Specifying Genericity through Inclusiveness and Abstractness Continuous Scales
Claudia Collacciani, Andrea Amelio Ravelli, Marianna Marcella Bolognesi
TL;DR
This paper tackles the challenge of modeling NP genericity beyond binary classifications by introducing a two-dimensional, continuous annotation framework based on Inclusiveness and Abstractness. Grounded in linguistic theory, the approach is designed for crowd-sourcing and validated with a 324-sentence pilot dataset, showing that continuous ratings align with expert binary labels while capturing nuanced gradience. Logistic regression experiments demonstrate that INC and ABS (especially when used together) effectively predict GENERIC vs NON-GENERIC judgments, underscoring the added value of dual-dimensional annotations. The work provides a first openly accessible dataset and methodology to construct real-language resources for semantics research and commonsense knowledge repositories to enhance various NLP applications.
Abstract
This paper introduces a novel annotation framework for the fine-grained modeling of Noun Phrases' (NPs) genericity in natural language. The framework is designed to be simple and intuitive, making it accessible to non-expert annotators and suitable for crowd-sourced tasks.
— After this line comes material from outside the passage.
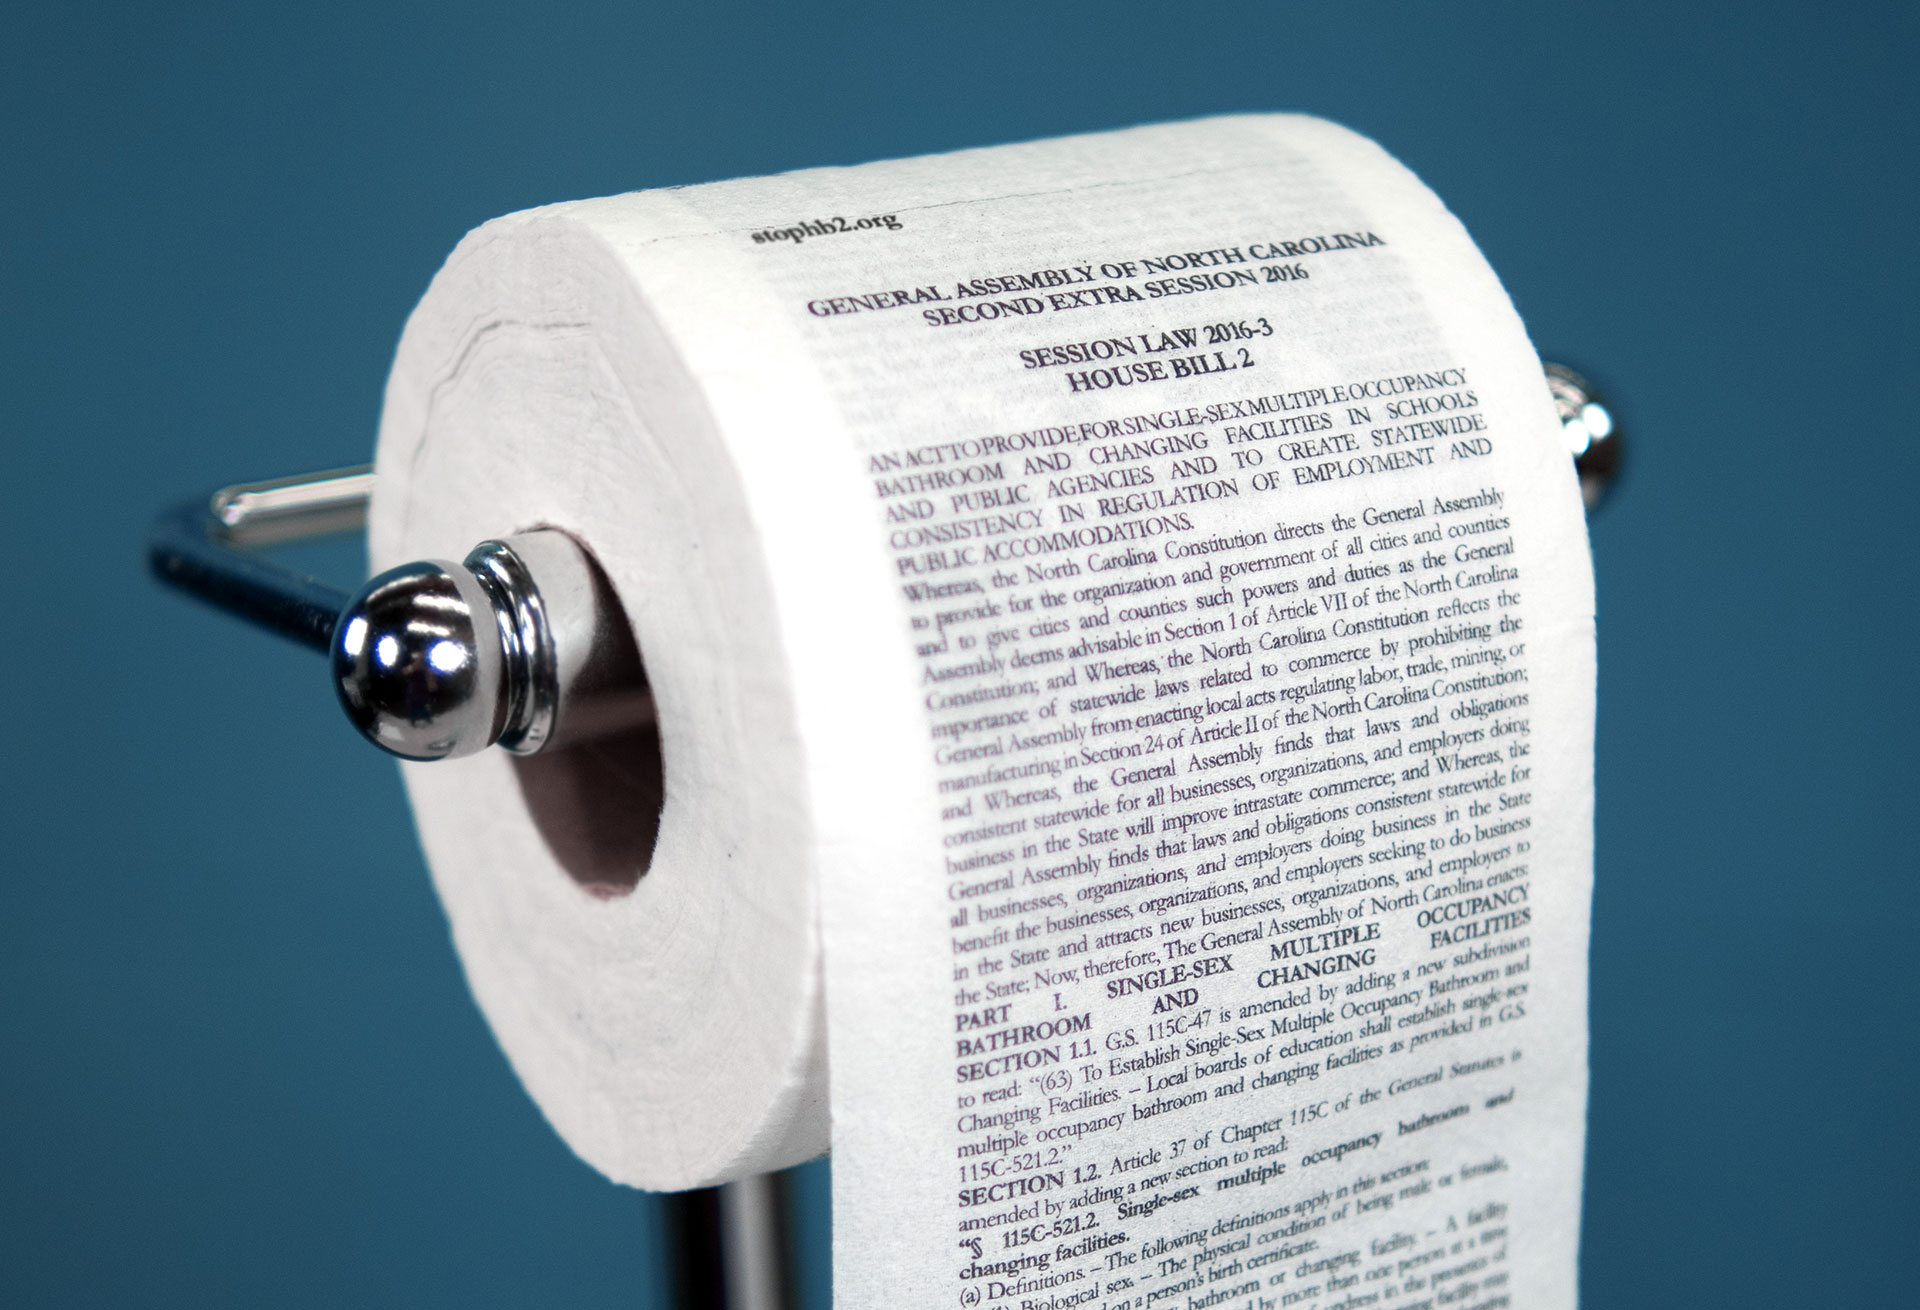 mckinney-toilet-paper-hed-2016.jpg
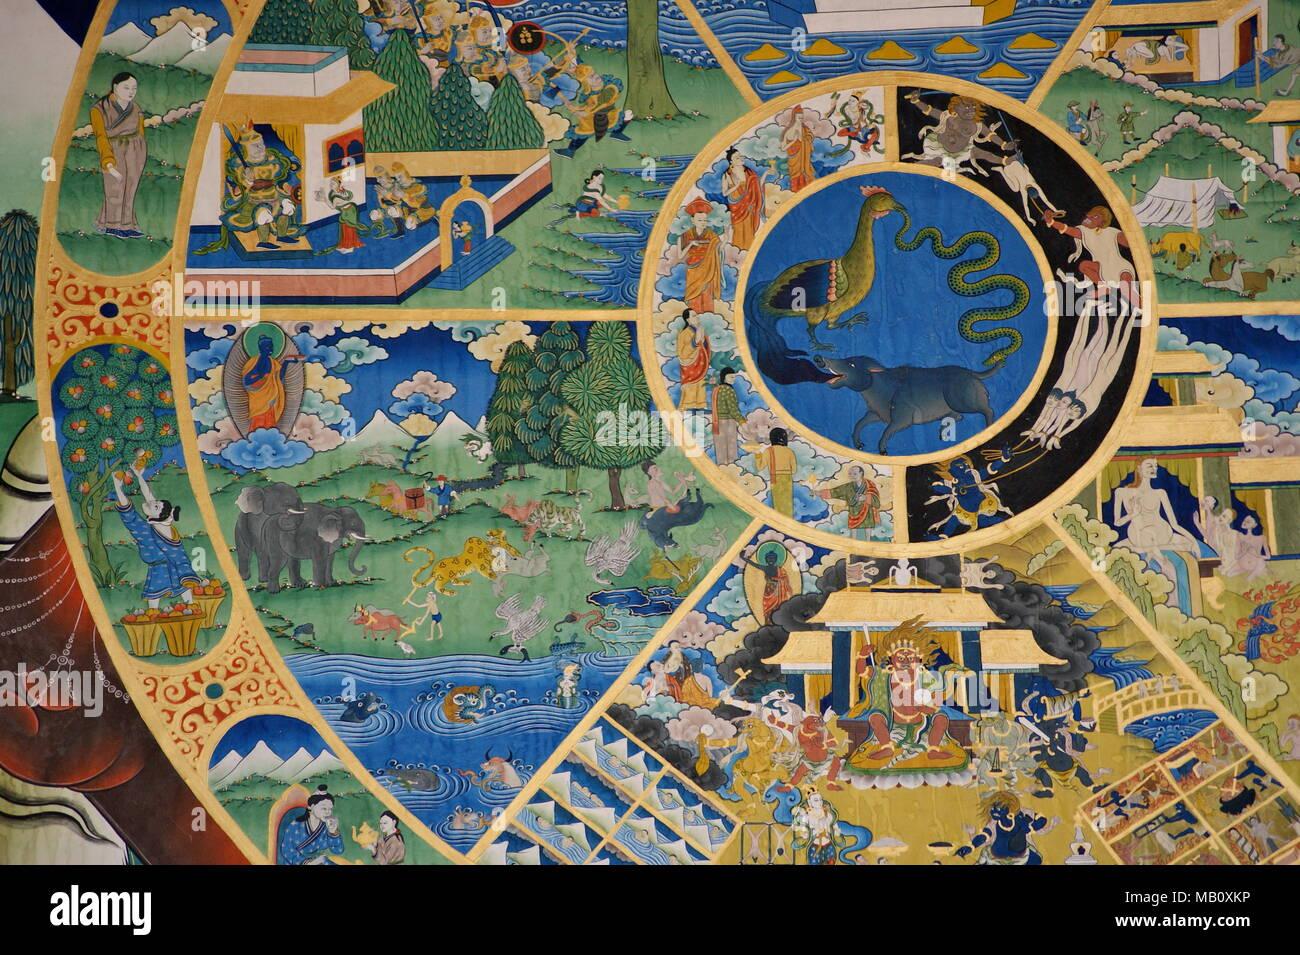 Punakha dzong mural in Bhutan - Stock Image

Drawing from theoretical and cognitive literature on genericity, this framework is grounded in established linguistic theory. Through a pilot study, we created a small but crucial annotated dataset of 324 sentences, serving as a foundation for future research. To validate our approach, we conducted an evaluation comparing our continuous annotations with existing binary annotations on the same dataset, demonstrating the framework's effectiveness in capturing nuanced aspects of genericity. Our work offers a practical resource for linguists, providing a first annotated dataset and an annotation scheme designed to build real-language datasets that can be used in studies on the semantics of genericity, and NLP practitioners, contributing to the development of commonsense knowledge repositories valuable in enhancing various NLP applications.